Крик, плач поднялся. Избы стали поджигать. Скотину сгонять. И жителей, как скотину…
Слухи, чем всё это заканчивалось в других партизанских деревнях, до нас уже доходили. Фашисты сгоняли жителей в одно место, а потом или расстреливали, или сортировали: женский пол – в лагеря, мальчишек от десяти лет и старше, подростков, — на работы в Германию. Мужчин, парней в селах уж не было: кто на фронте, кто в партизанах…

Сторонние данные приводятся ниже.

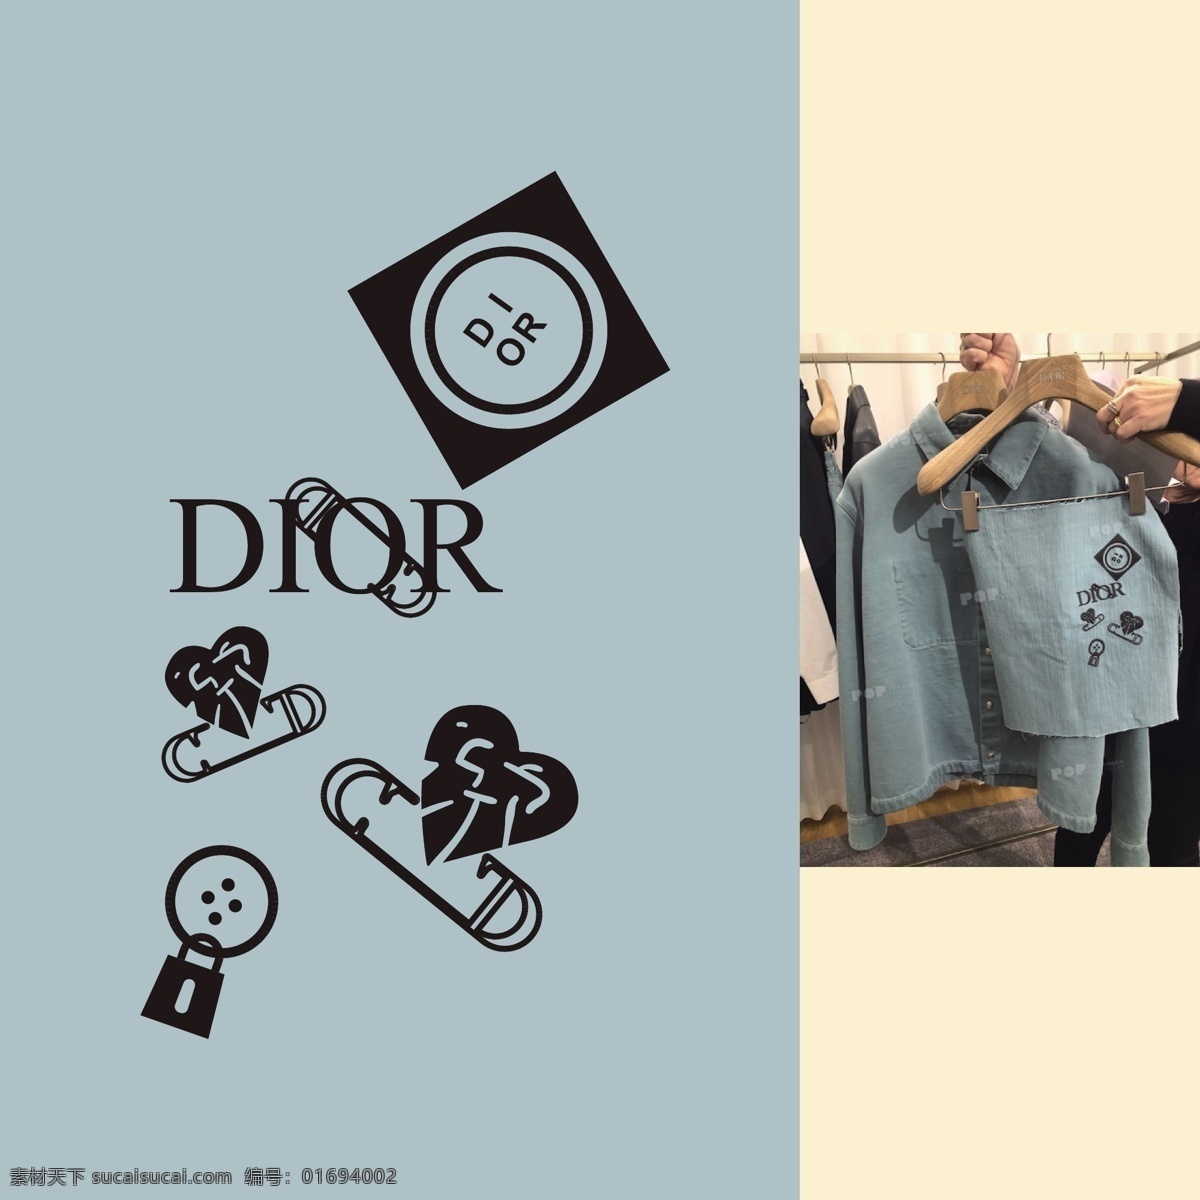 大牌 迪奥 dior 奢侈品 印花 服装 大牌图案 动漫动画 动漫人物
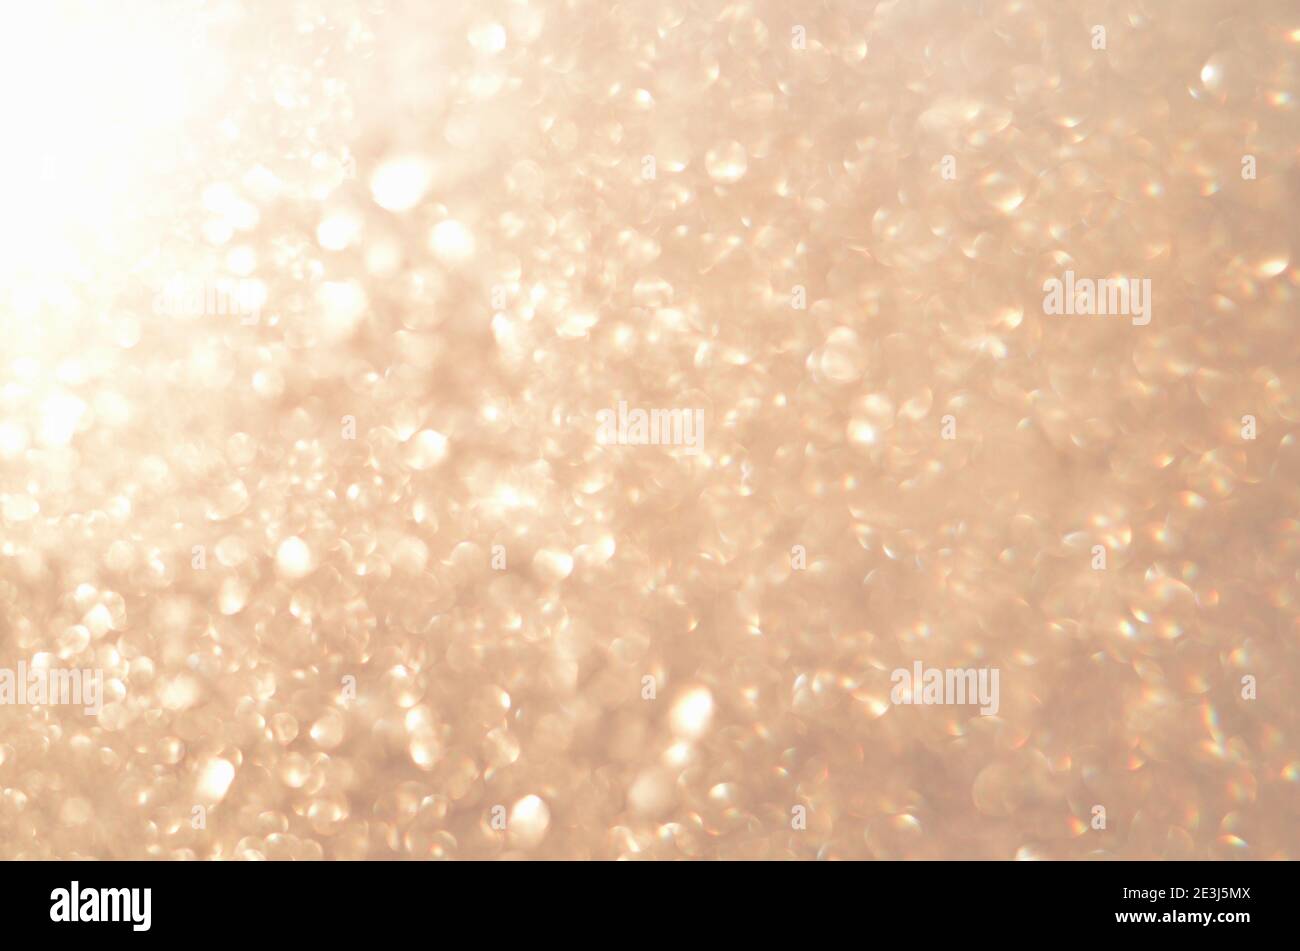 Sfondo glitterato astratto con luce dorata soffusa e sfocata. Immagine sfocata. Foto Stock

Мама, как услышала шум, бросила мне платье сестры: «Быстро!» Я маленький, худенький был, сестра покрепче. Платье подошло. Чтоб меня переодеть, было обговорено заранее. И мама правильно придумала: из тех, кого угнали в Германию, никто не выжил.
Так я переоделся. Про то, что носить это неудобно, стыдно для мальчишки, не думал. Потому что…
Из ямы в огороде, где спрятались, «выкурил» нашедший нас немец. Показал: не вылезете — кину гранату. А как вылезли — поставили нас и соседей к стогу сена, расстрелять. Я в маму уткнулся… Но немцы вдруг передумали, погнали к сборному месту. А бабушку с другими соседями у того же стога следом расстреляли…
Думаю, бабушке моя смерть досталась… Ведь в начале войны мы с отцом подобрали с земли два крестика. Один он себе оставил. А второй я понес бабушке показать… Она головой покачала, крестик себе забрала… И война их обоих забрала: отец погиб в партизанах, бабушку немцы сгубили…
Тайна
Сначала «бабью колонну» пригнали на станцию Синезерки, потом довезли до Навли. Оттуда пешком – до Севска, успев показать по пути казнь шестерых подпольщиков.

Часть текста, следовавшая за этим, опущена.